Error handling matters more than you think. When a tool fails, the model needs to understand why so it can try a different approach or ask the user for clarification. Returning "Error: something went wrong" is useless. Returning "Error: No documents found matching the filter {status: 'published', product: 'ClickAi'}" lets the model adjust its query.
Security isn't optional. MCP servers can expose powerful capabilities. I enforce read-only access where possible, require explicit confirmation for destructive operations, and never expose credentials through MCP tools.
The Bigger Picture
MCP is still early, but I believe it represents a fundamental shift in how we build AI-powered tools. The old paradigm was: build an AI feature inside your product. The new paradigm is: expose your product as tools that AI can use.

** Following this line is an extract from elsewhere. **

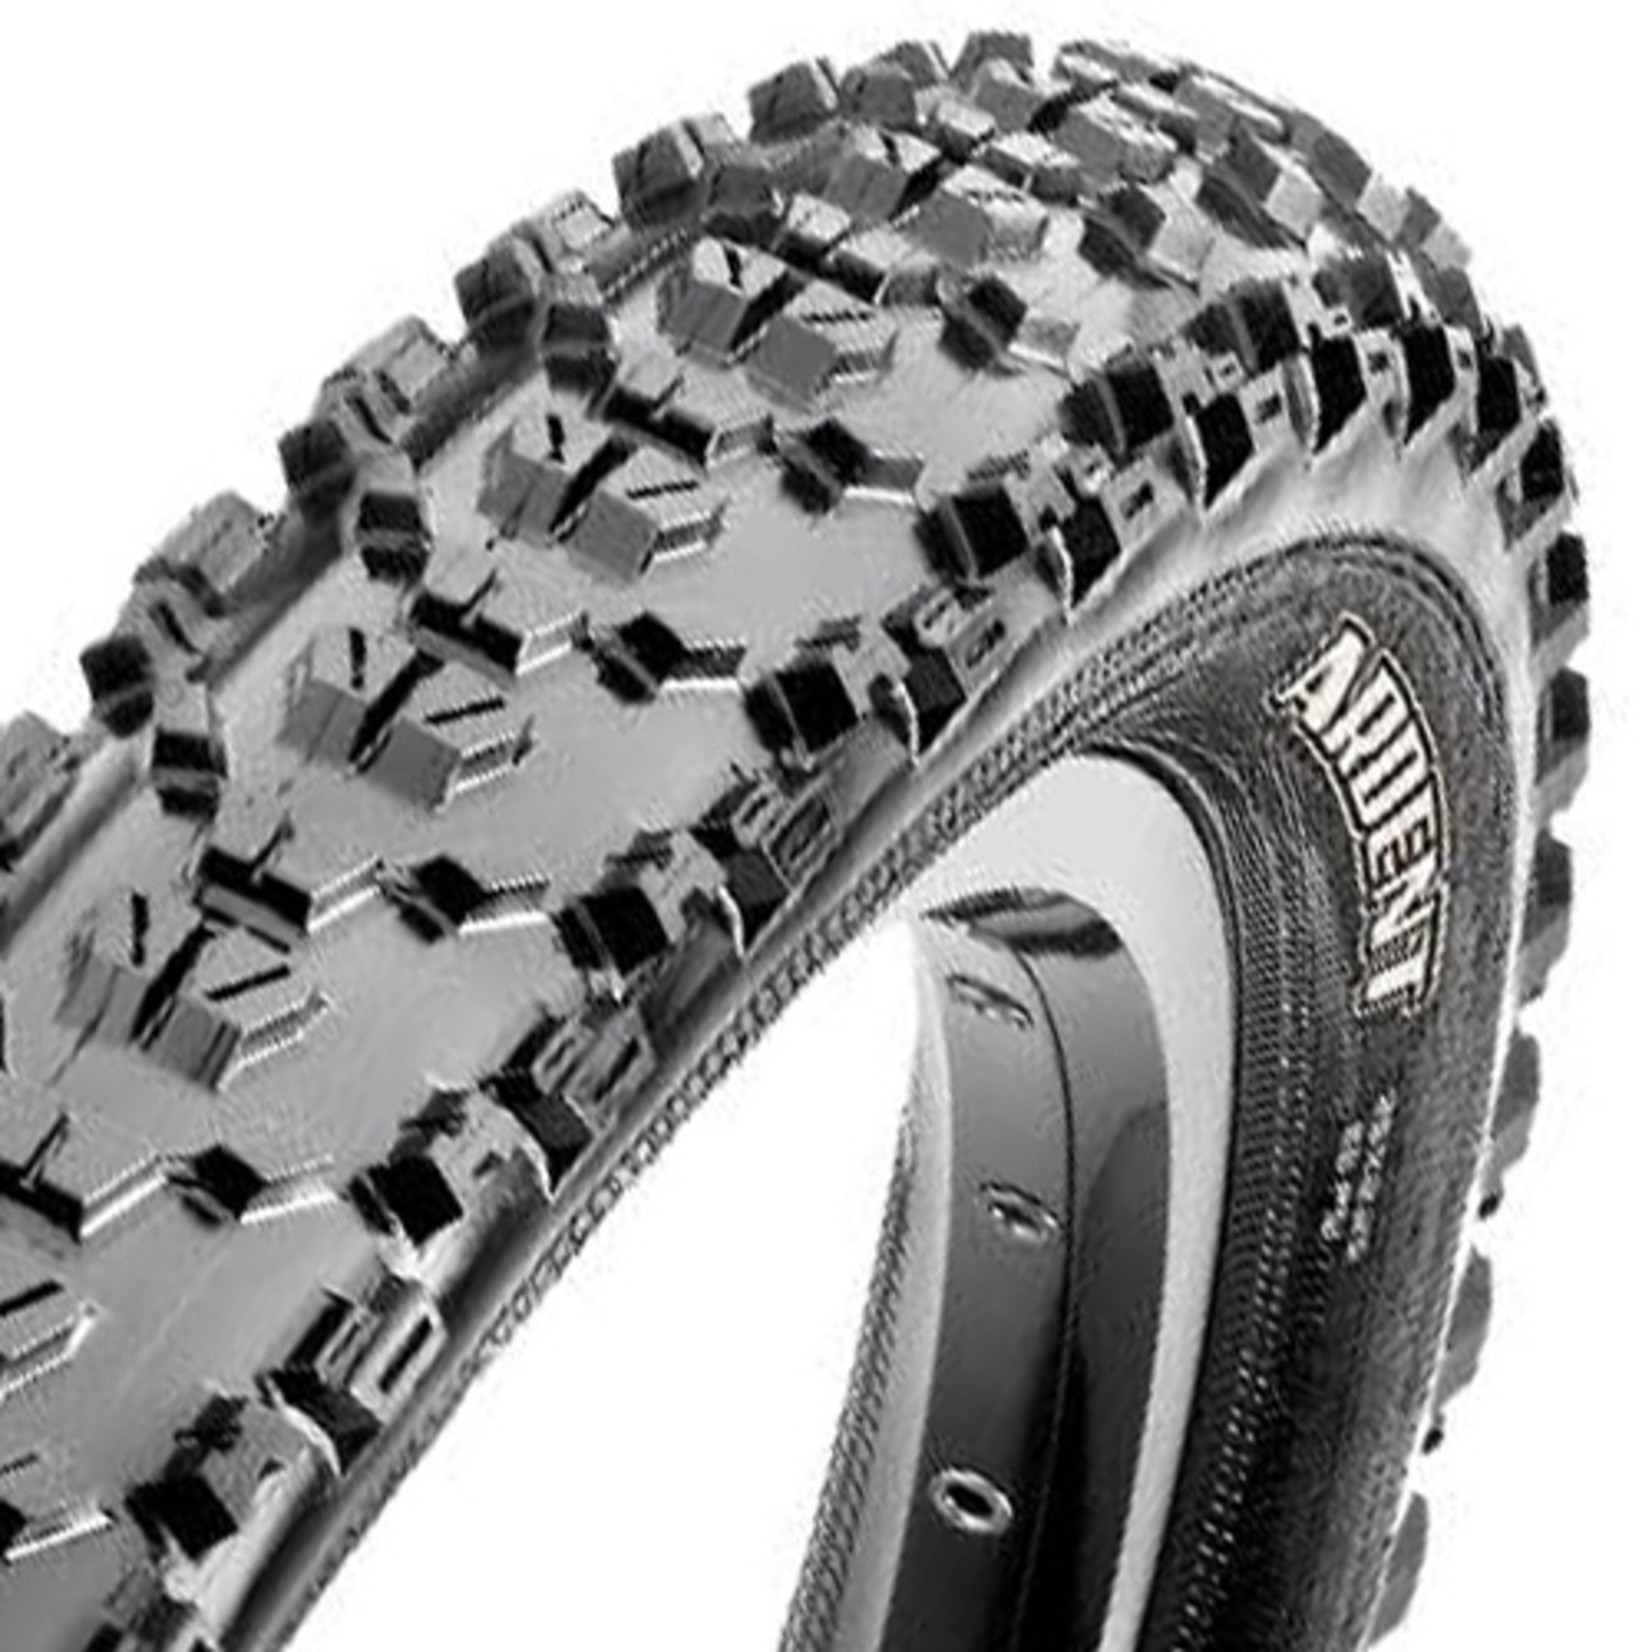 MAXXIS MAXXIS Ardent - 27.5 X 2.40 - Folding TR - EXO 60 TPI - Dual Compound - Black

For a solo founder managing multiple products, this shift changes everything. Instead of building AI features into each product individually, I build MCP servers that expose each product's capabilities, and then any AI model that supports MCP can work with all of them.
The bridge between AI and real-world systems is no longer a custom engineering project for each integration. It's a protocol. And that changes everything about what a small team, or a solo founder, can build.